Dr. Emanuel and Ms. Gudbranson do recognize the need to improve the ACA. But the fixes they propose fail to address the ACA’s diseased heart: the big government regulations, taxes, subsidies, and cronyism that dramatically drive up costs, limit choice, and demean quality.  

They’re right that more insurers are needed, but wrong to say that more regulatory compulsion is the way to achieve this. They’re right that insurers should cover larger geographic areas and risk bands, but wrong to say they should “be forced” to do this. Rather than enacting malpractice reform to reduce insurance costs, they would even use government coercion to have physicians “assume more financial risk for their clinical judgments.” This would increase the costs of both malpractice insurance and health care in general.

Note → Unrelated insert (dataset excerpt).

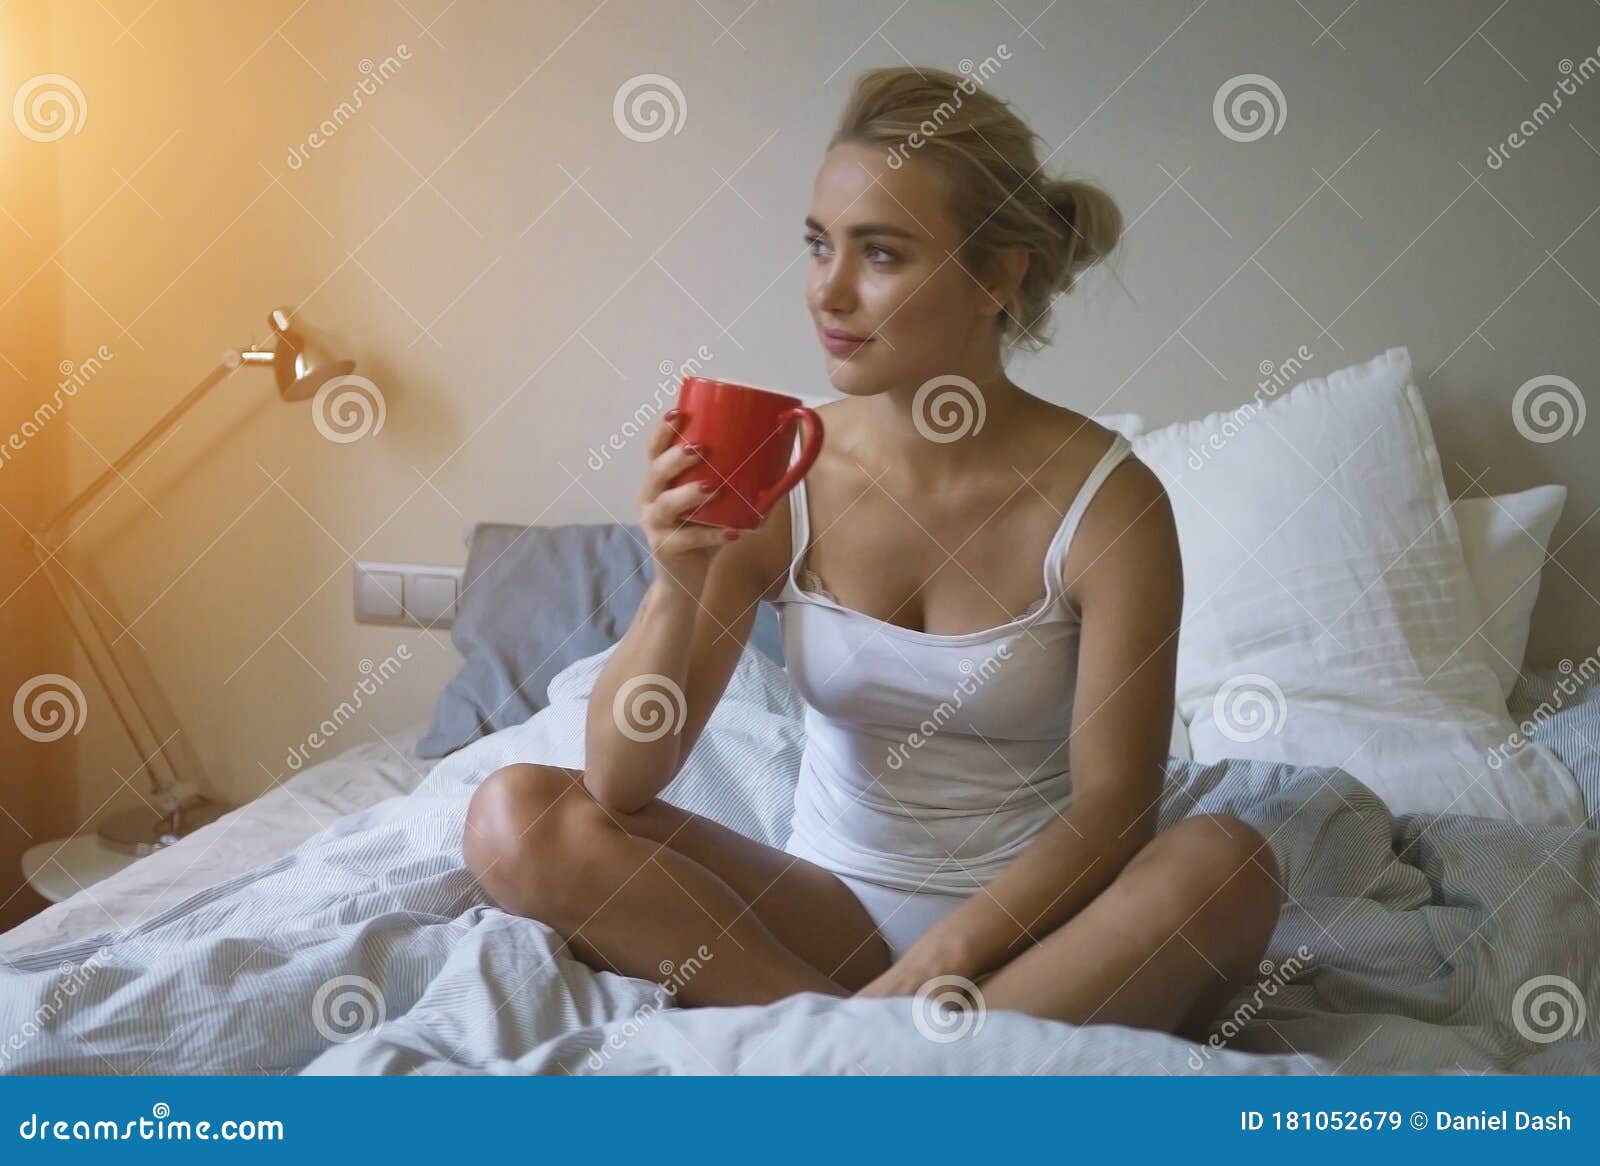 Pretty Woman In White Tank Top And Panties Sitting On Bed And Enjoying Hot Beverage Stock Image

But more government intervention cannot fix a problem that government intervention caused in the first place.

We do agree that the business tax credit for health-care costs should be expanded to insurance bought on exchanges — a reform that would increase competition and choice as well as strengthen exchanges. Generous and refundable tax credits should be part of any reform so that health care can become truly universal.

But the only way to truly fix the ACA is by striking at its root. That means repealing it and replacing it with a market-based health-care system that eliminates the existing web of regulations, mandates, taxes, and cronyism that distort the market and destroy the incentives necessary to bring down costs and improve the quality of care. 

(For the opposing view, see Ezekiel Emanuel and Emily Gudbranson, "Our Next Administration's Health-Care Agenda.") 


Ezekiel J. Emanuel, M.D., Ph.D., is the Vice Provost for Global Initiatives and Chair of the Department of Medical Ethics and Health Policy at the University of Pennsylvania. Emily Gudbranson is a senior research assistant to Dr. Emanuel. 

Andy Puzder is CEO of CKE Restaurants, Inc., a member of the Job Creators Network, and an economic advisor to the Trump campaign.